Sometimes, because I want to feel as though we had a real good visit and I also think my calls give my step-dad a bit of a break, I’ll turn the T.V. on to the same channel she’s watching and we’ll talk about what we see there. If she’s got the Animal Planet on, that’s fun.
How my mom is now isn’t who she was and it isn’t who she is. Her internal governor being gone doesn’t reveal anything about the real woman. If she had been able to process her family stuff throughout her adult years, I don’t know if that would have made a difference now. Although I wish she could have removed the tapes inside her head that told her she was less than and unworthy; when receiving therapeutic counseling became popular in the 1990’s, she was proud of not “needing” counseling back then. That proud part of her personality is still there and when she expresses it, we celebrate it.
Whenever a resident invites me into their room at the nursing home, I love to see pictures of them when they were younger hanging on the walls because it gives me insight into who they were when all their mental faculties were intact. When I practice the Validation technique and relate to the person I’ve seen in the photograph or the person I knew my mom to be, I get smiles and even laughter as they have an opportunity to feel seen and heard in a way that feels familiar to them.
Dementia is hard. It makes no sense. It is all around us. The number of people it affects is growing. As with all chronic and terminal diseases, it makes life with the patient all about them. Your own needs and desires get routinely swept aside.

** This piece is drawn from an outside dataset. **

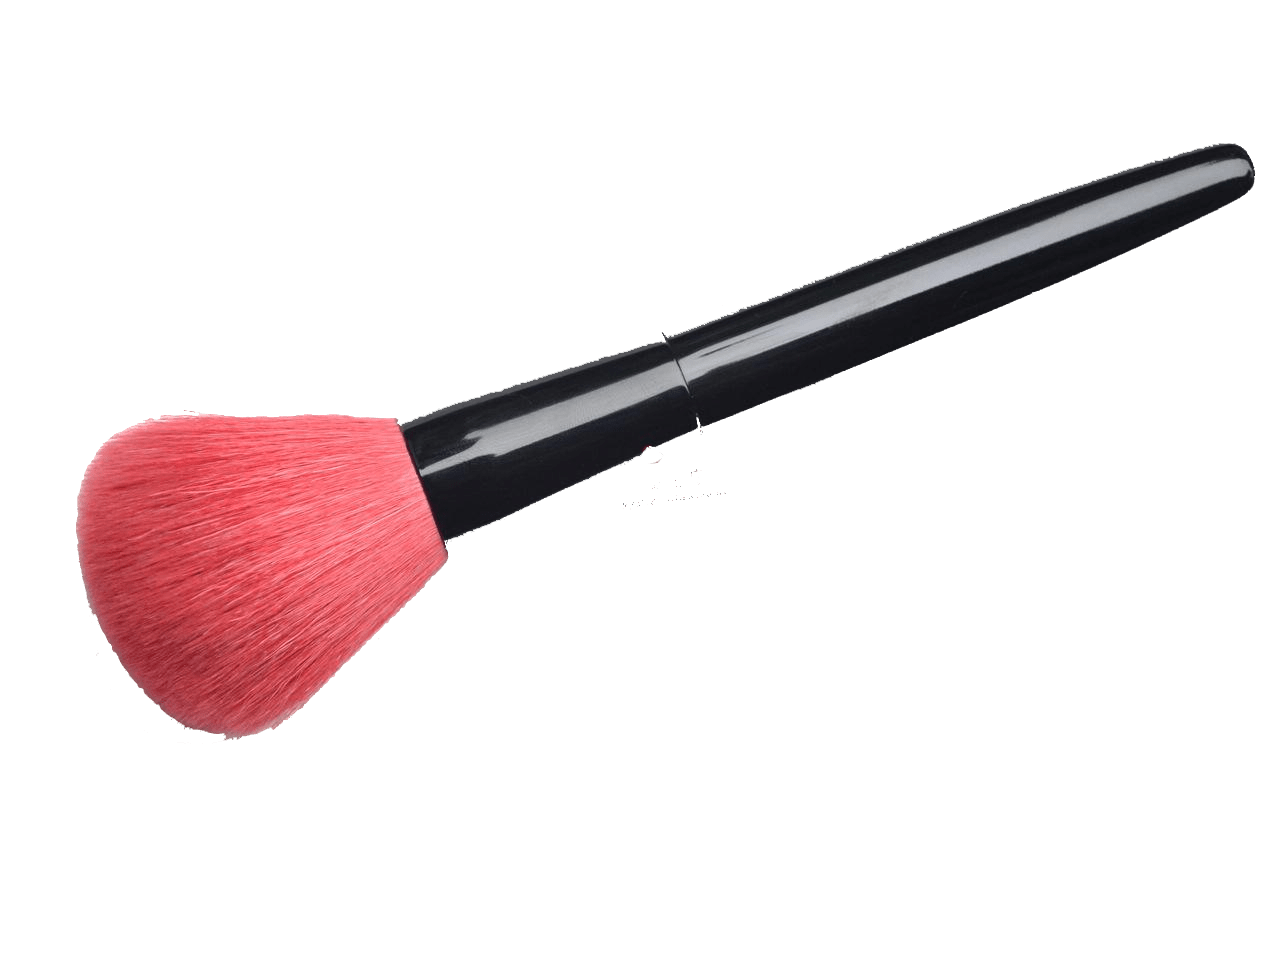 Download PNG image - Makeup Brush PNG Image 
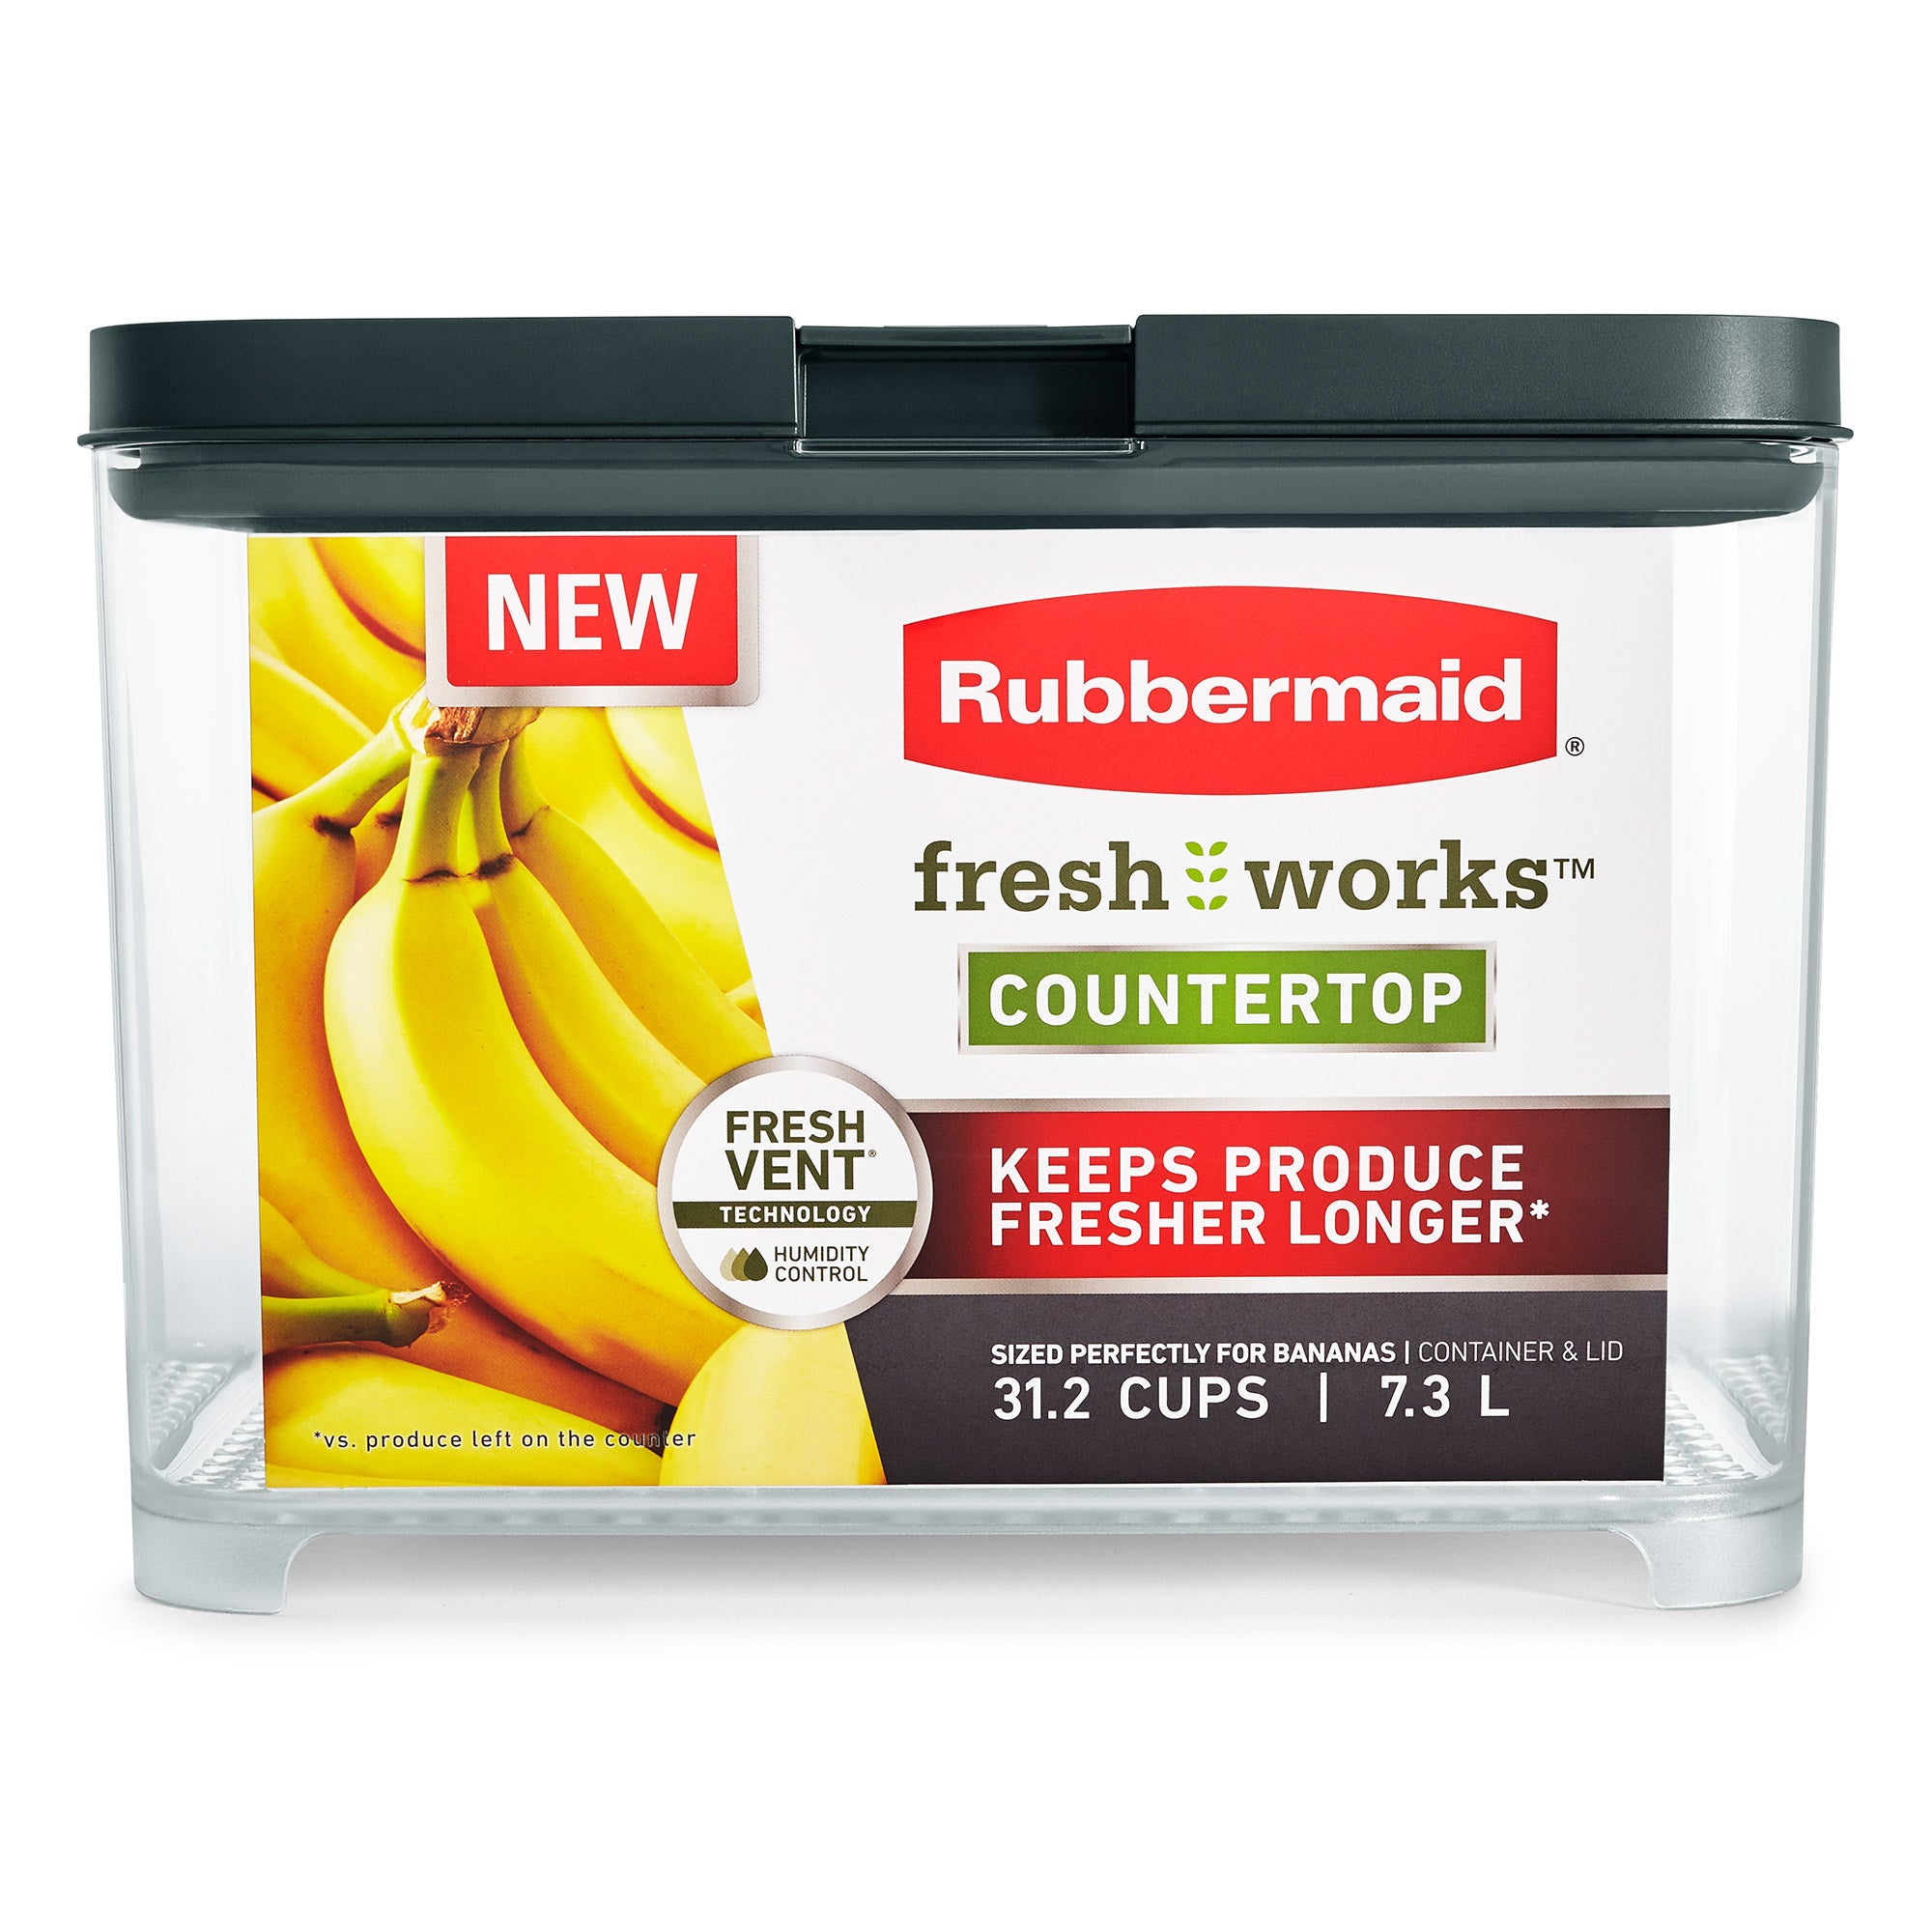 Rubbermaid FreshWorks Countertop Banana Countertop Food Storage Container, 7.3L

If I may offer some advice born of my own experience ~
Whatever techniques you use to handle the loved ones in your life who have this disease, the answer is always, always love. The only thing to do is just love them.
Meet them where they are and when doing that makes you really uncomfortable, find someone to process the experience with afterwards. Get up close. Sit, bend, or squat so that you can make direct eye contact. Touch them. Squeeze a hand, pat a shoulder, give a hug, stroke their hair. Try to make sense of what’s being said and when you can’t, just hang in there.
You don’t have to feel sorry for them. If you do, don’t let feeling sorry for them keep you from connecting and don’t let it shut down acts of compassion. Just be present to them, follow your intuition; and if you make a mistake, you’ll probably get an opportunity for a re-do in the same conversation.
You’ll grow patience you never knew had and you’ll come to respect yourself for being there for them. Sometimes loving someone only happens in the ways they are capable of receiving it. But when it’s all said and done, it is all about the love and that is all that matters.